Лана кивнула и послушно отпила из бокала. Потом он что-то положил ей на тарелку, она принялась жевать, но не чувствовала вкуса пищи, говорила, но не слышала своих слов, улыбалась… Но разве это была улыбка? «Андрей все испортил и даже не понимает этого. Досадно», — думалось Светлане. Еще вчера казалось, что они подходят друг другу как два кусочка сложной головоломки.
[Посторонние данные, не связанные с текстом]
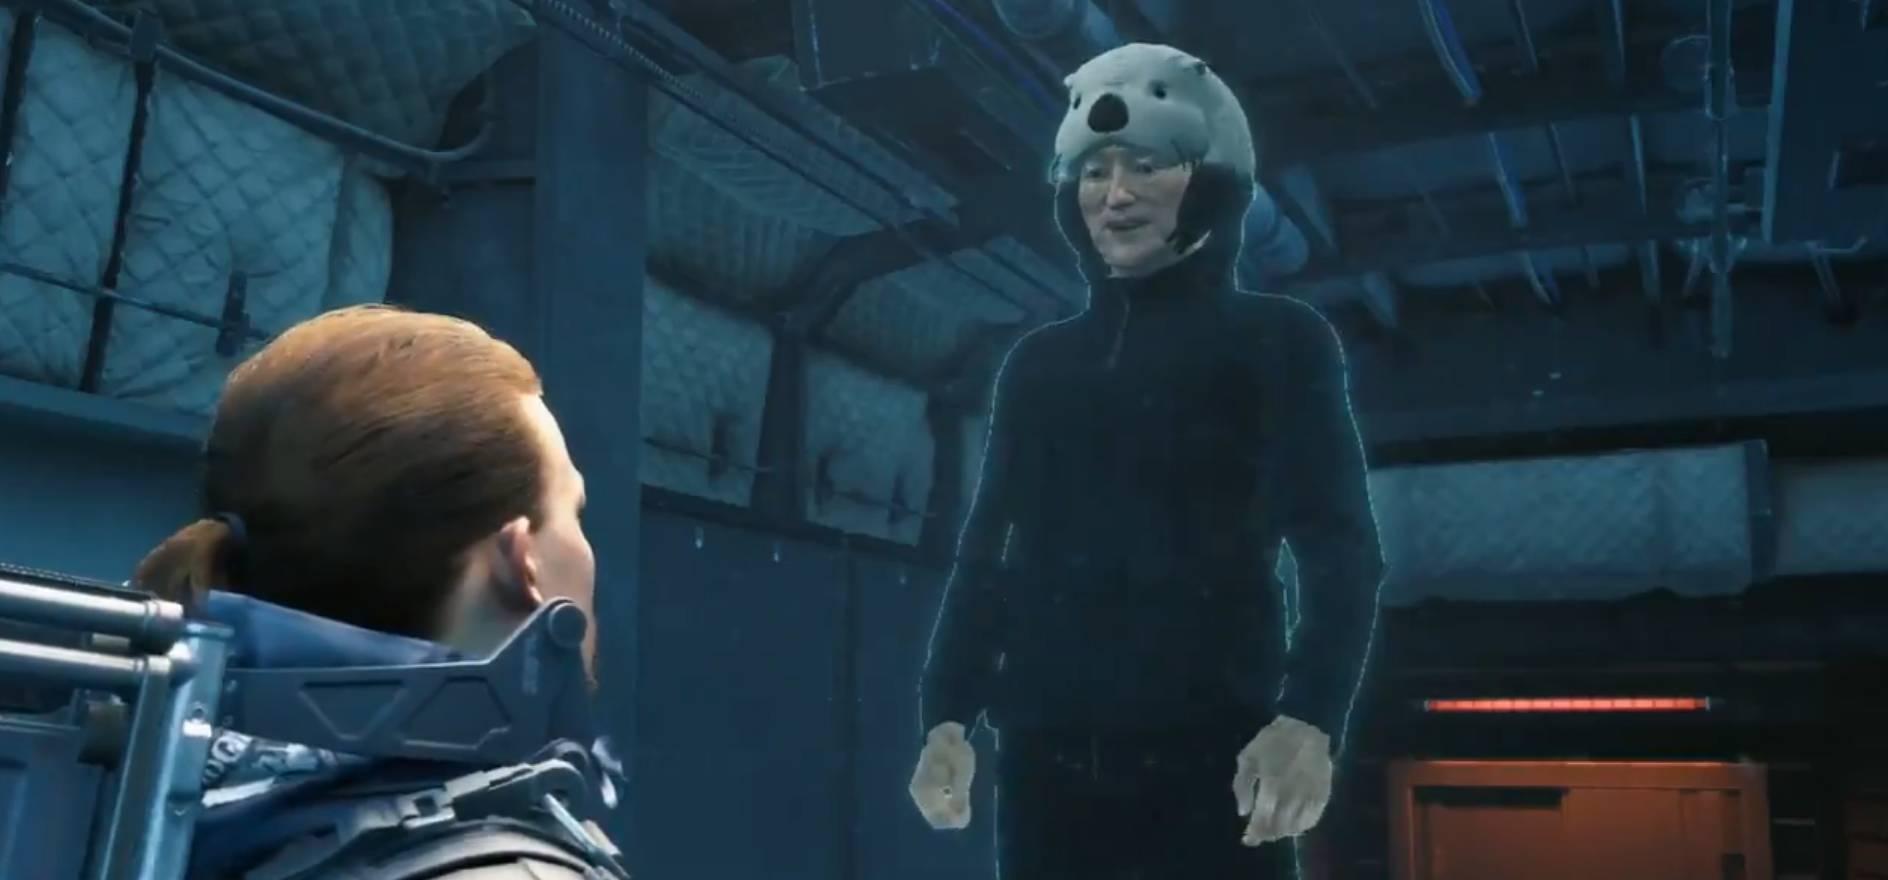 Hideo Kojima Reveals Cameo Of Late Night Host Conan O'Brien In Upcoming Game Death Stranding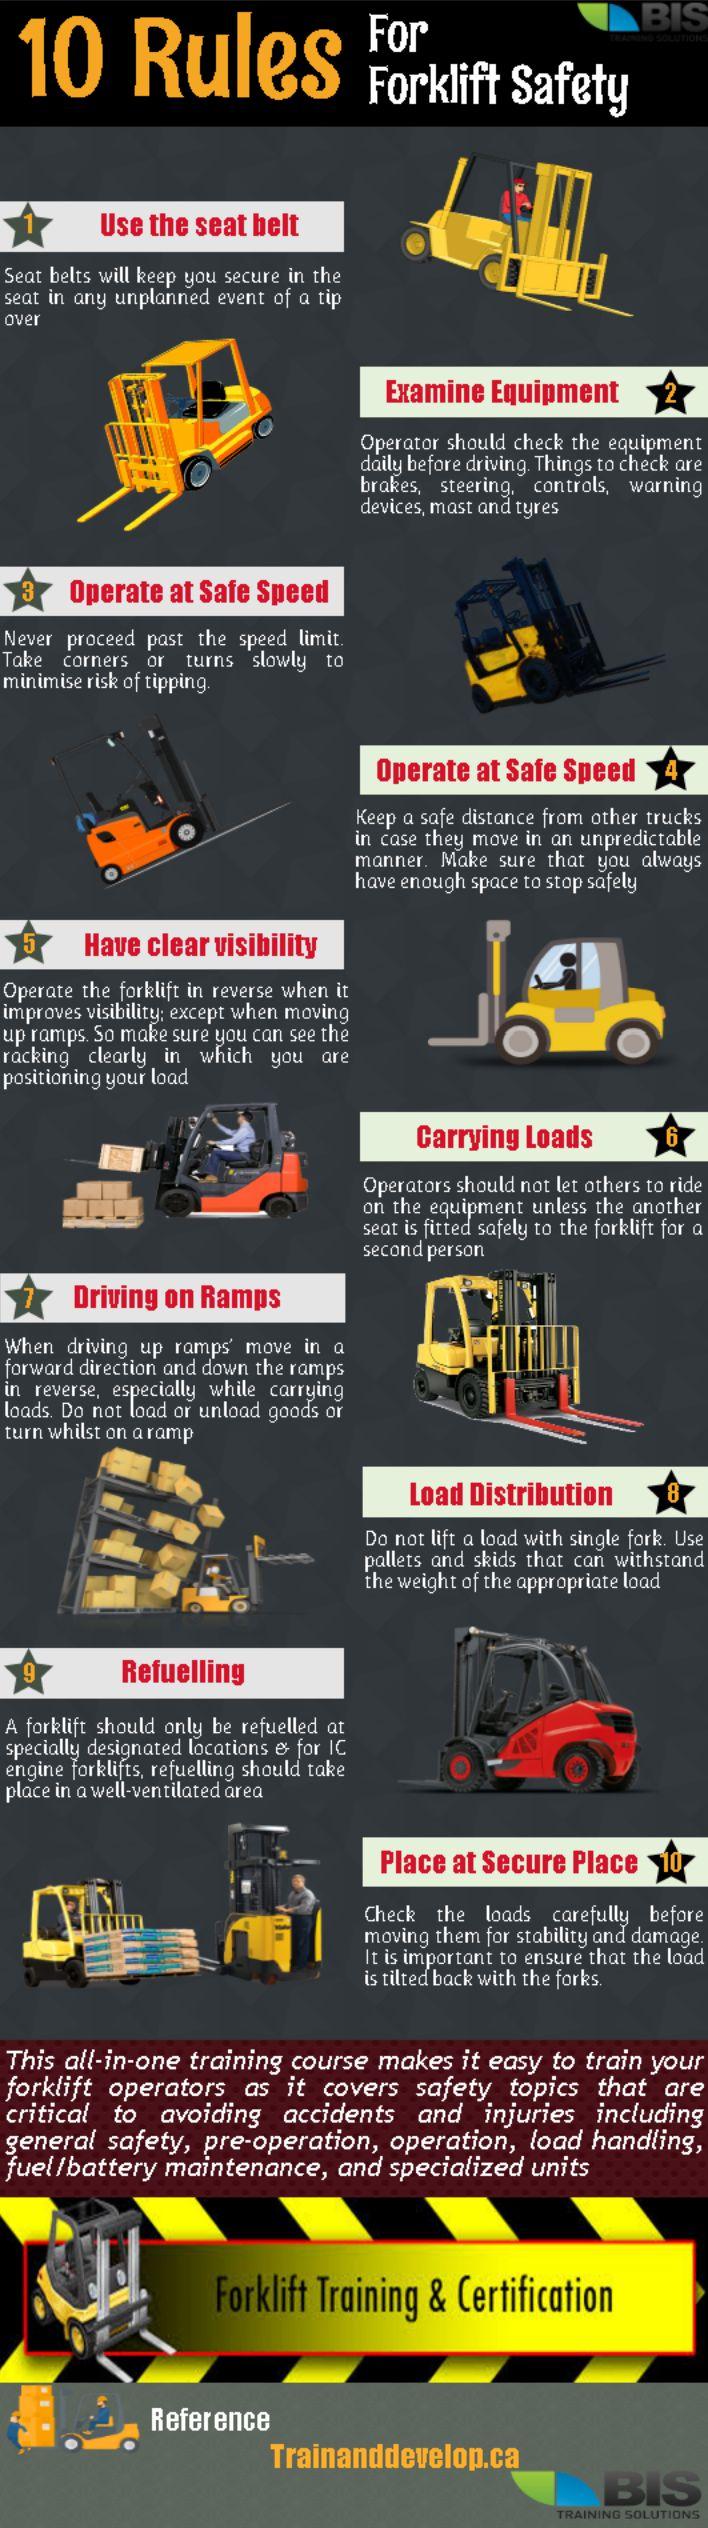 Forklift Safety Training #workplace #workatheight #safetytraining

А сегодня этот человек был ей не по душе.
За кофе они еще немного поговорили, и спустя десять минут Лана вежливо, даже с некоторой почтительностью, благодарила министра за приятный обед, но при этом наотрез отказалась от приглашения подвезти ее к зданию мэрии.
— У меня сегодня выходной, забыли? — шутливо заметила она и помахала рукой вслед черной министерской «Волге», когда та стремительно пронеслась мимо.
Домой она пришла обессиленная и злая. Нелепая встреча с Соколовым совсем выбила ее из колеи. Лана без конца воображала продолжение диалога с министром, возможно, они смогли бы вернуться к вчерашнему разговору. Он ведь сказал, что не отступится… Но хочет ли она этого? Вот в чем вопрос. Ведь они так мало знают друг друга! Ко всему прочему Светлану все еще тревожила утренняя встреча с журналистом. Он так и не прислал свою статью для сверки. Как бы не пришлось завтра отчитываться перед Ермолаевым за очередной журналистский вымысел.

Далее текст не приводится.